I am so excited and can't wait to see what happens!!!! God is so good, and I know He will bless us! This PCOS has been such a blessing for me becuase I have grown so much closer to God through it all. I was so depressed and felt like God wasn't there when all of this first came about. But then that's when I realized that I needed to lean on Him more. And I have. I have totally surrendered it all to Him and know that He will take care of it all. It has been an amazing journey and I can't wait to see what happens next. I am so glad that I have Him in my life, other wise I don't know what I would have done. Thank you Lord for all you have done!

Wednesday, April 15, 2009

Treatment

Okay it's been a little while. Starting April 1st I have re-started the hormones to get my going on a cycle. I took the progestrone for 10 days and then today I started my first pill of clomid!!! Clomid is the hormone that is supposed to stimulate my body to ovulate! I am trying my best not to think about it. The doctors have said not to talk about it, so I'm trying not to tell anyone that I have started the Clomid. It's too much pressure with everyone asking, "Oh, do you think it's working?" "Oh, try not to think about it!" Geez! So John and I have been very hush hush about this.
About a month ago I did a photo shoot with an old friend from church and she too has PCOS and she told me about the story in the Bible about the woman who reached for Jesus knowing that if she just touched him she would be healed. And once she did, Jesus told her that her FAITH had healed her. My friend said that she held on to that verse and claimed it in her life and now she has two beautiful girls. And the crazy thing is, just the day before I was reading that passage and it stuck out to me, but I didn't know why. Then God reveled it to me through my friend that I need to claim that over my life. And you know, there has been a lot more peace. Peace over everything for me.
The first time I started the hormones (before I was diagnosed with PCOS) I was soooo afraid to take it becuase ultimatly I was afraid of getting pregnant. But now, I am at peace with it all. Of course I want it to happen more than anything, but I am not stressed out like I was before. And even if I don't get pregnant on this round, I will be okay. I know its all on God's timing. He is the ultimate physician and I know he will do what is best for me when it is best for me.
I am excited to see what God has instore for me!!!! Thank you Lord!!!

Sunday, March 22, 2009

Me and PCOS

Okay okay. so what am I writing about today? I don't really know. I do know that it has been on my heart to write about my journey with all of this. Not only for others to read, but as a bit of therapy for me I guess. So here goes........

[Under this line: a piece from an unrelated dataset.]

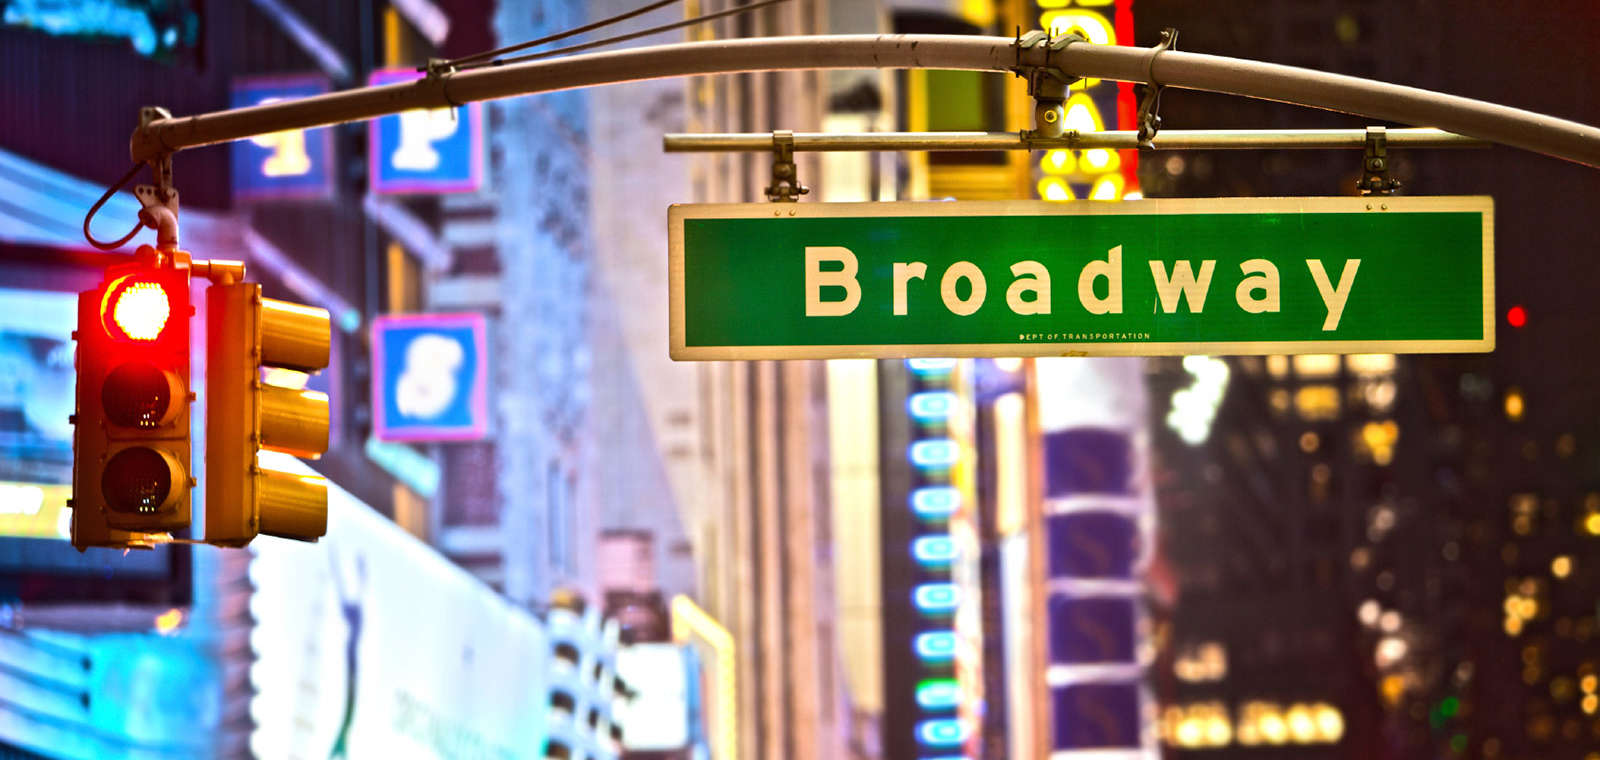 Broadway Street Sign And Stop Light
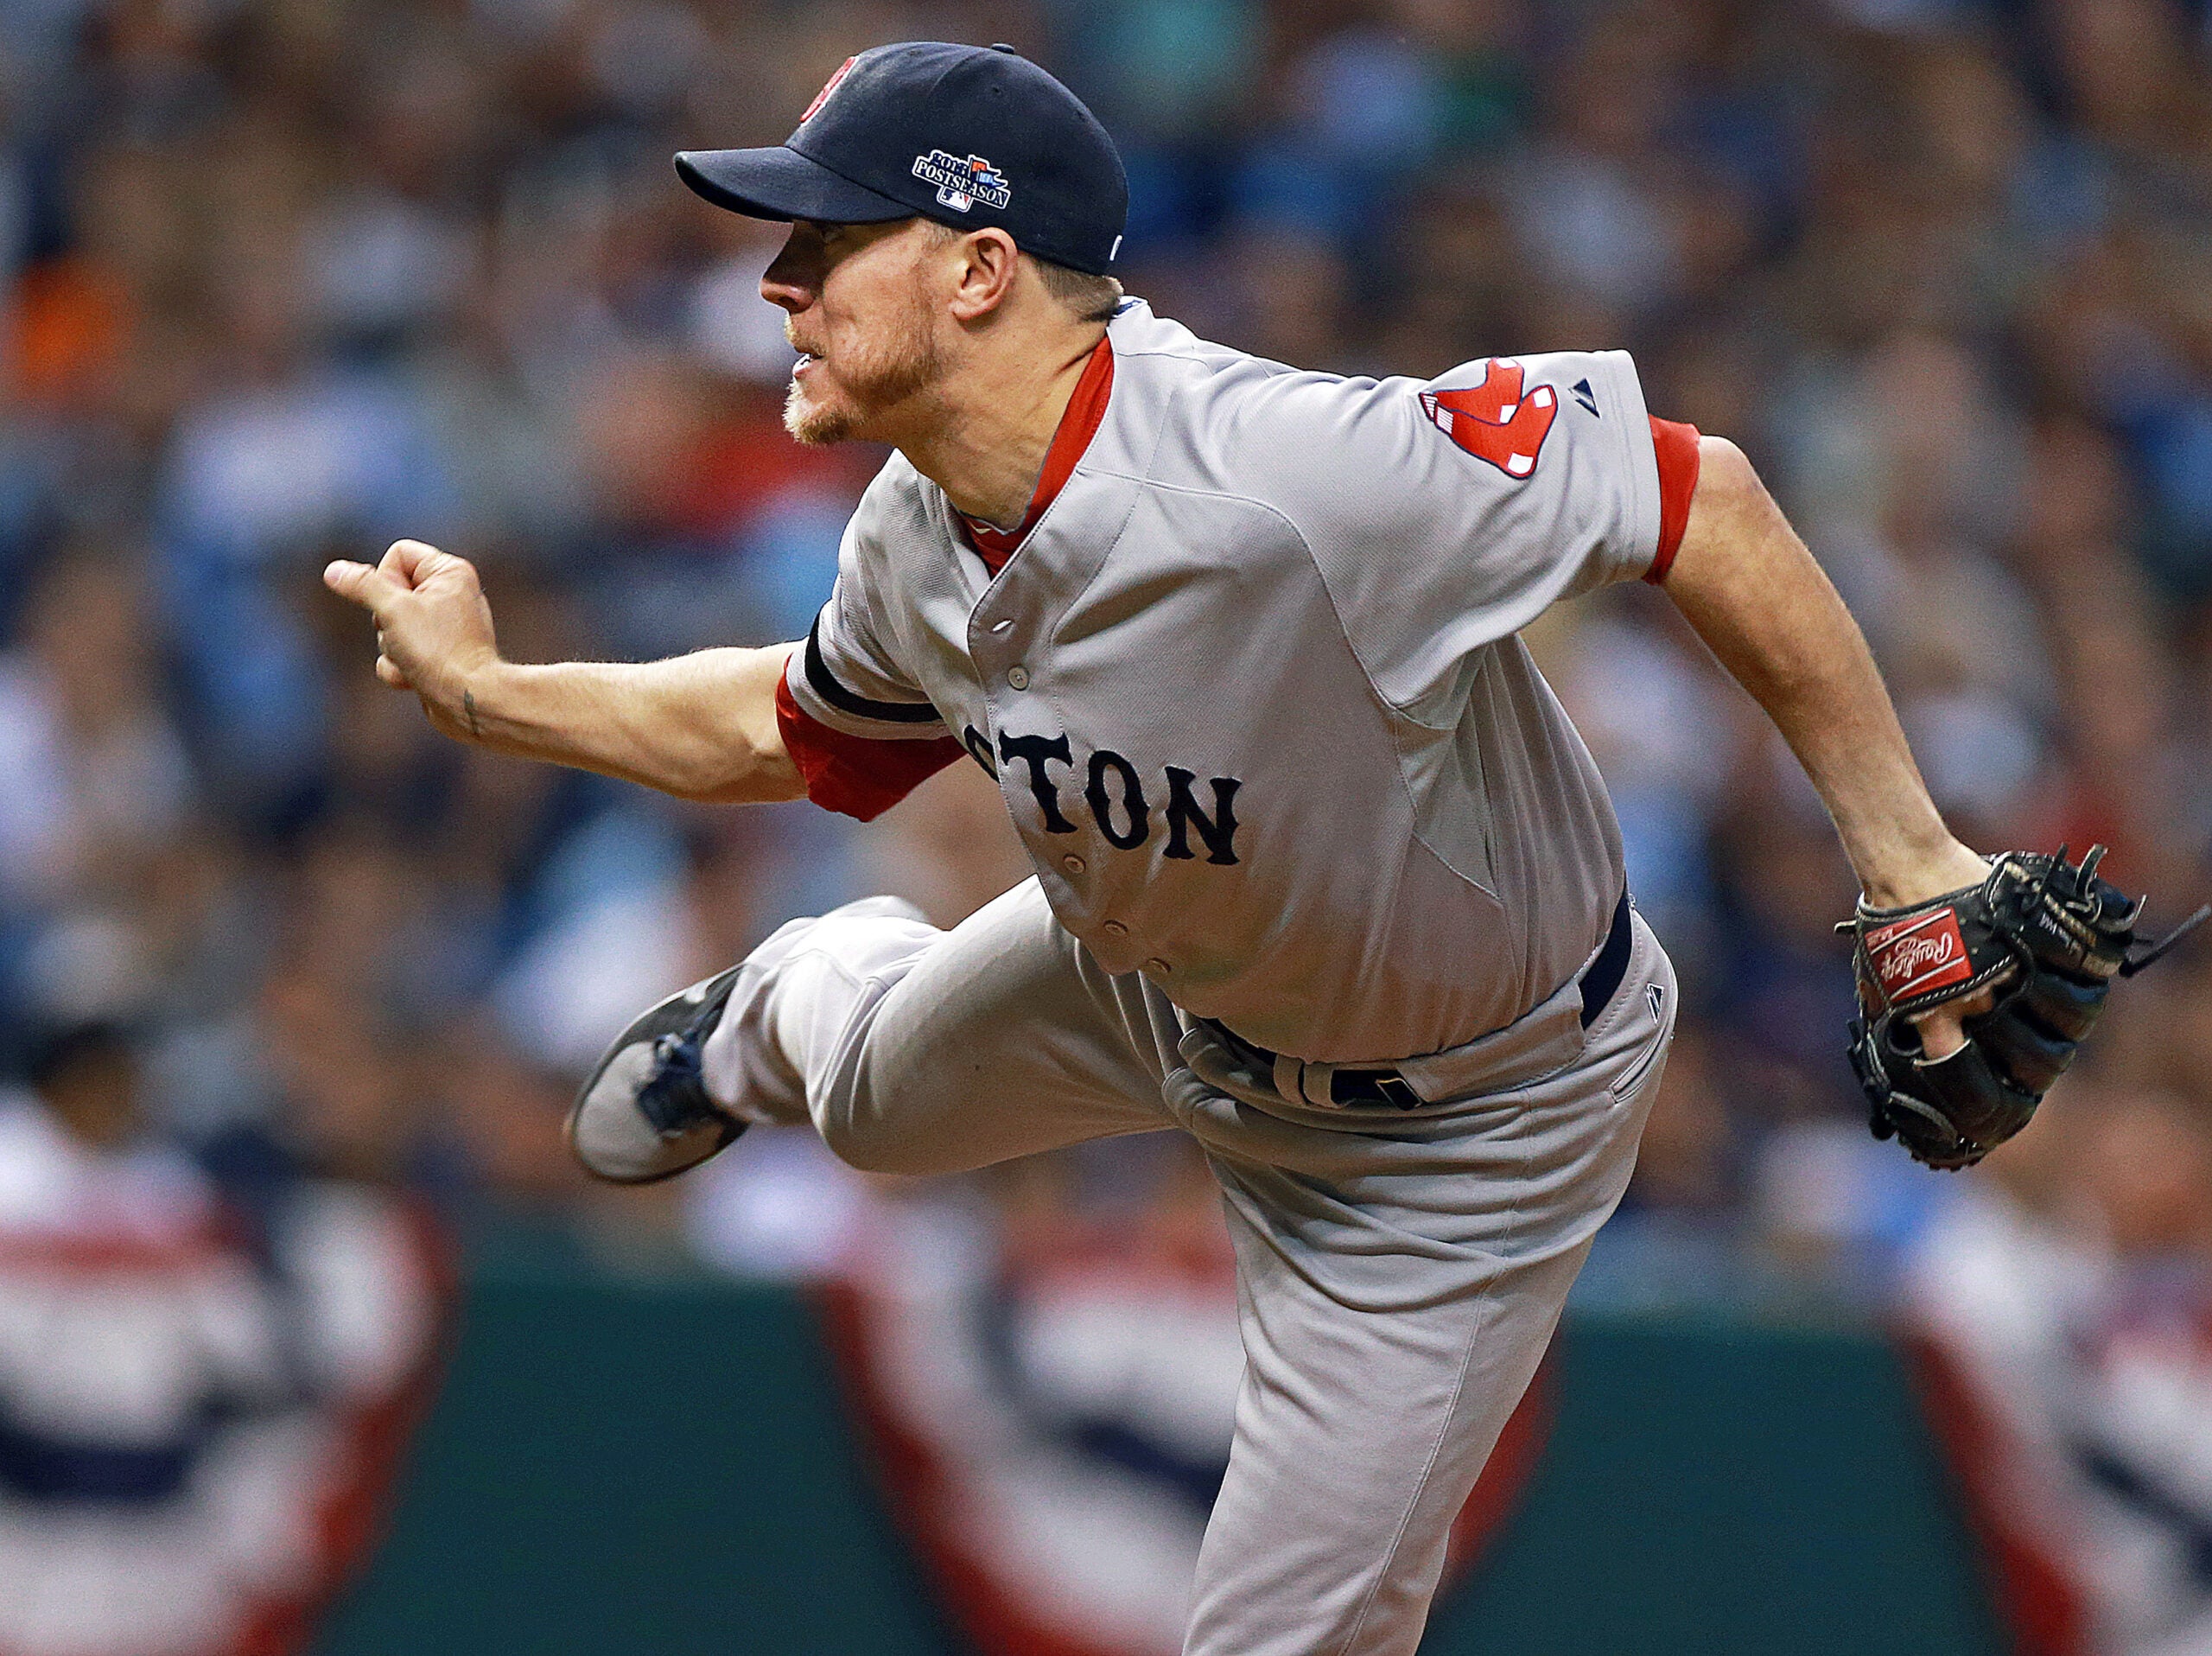 It's a great start for Red Sox and Jake Peavy

Hello all and thanks for taking time to read my story. My name is Stacy Lee and 7 months ago I was diagnosed with Poly Cystic Ovary Syndrome, PCOS. Basically for me that means that I am insulin resistant which is making my hormones not work correctly, which is why I have be unable to get pregnant. Anyway, so I have been taking metformin, (which is a diabetic medication) to help my body with the insulin issue. So far.....not much has changed. I had a major melt down about 2 weeks ago because of frustration and I was crying for about 2 days. I know that I am to trust God in all of this and know that he has a plan for me and John, but sometimes the load just gets so overbearing and I crumble. I want a child so much. I love children. Since I got out of the Army in 2001, i have been working with children is some way. I was a preschool teacher for a few years. Even had a chance to go to Japan for 3 months and teach preschool to jr high school aged children to speak english. And, for the past 4 years I have been working the front desk at a pediatric clinic. So I love to be around children. So when I found out that this road toward parenthood was going to be a long and possibly impossible journey, it was hard. And it still is everyday.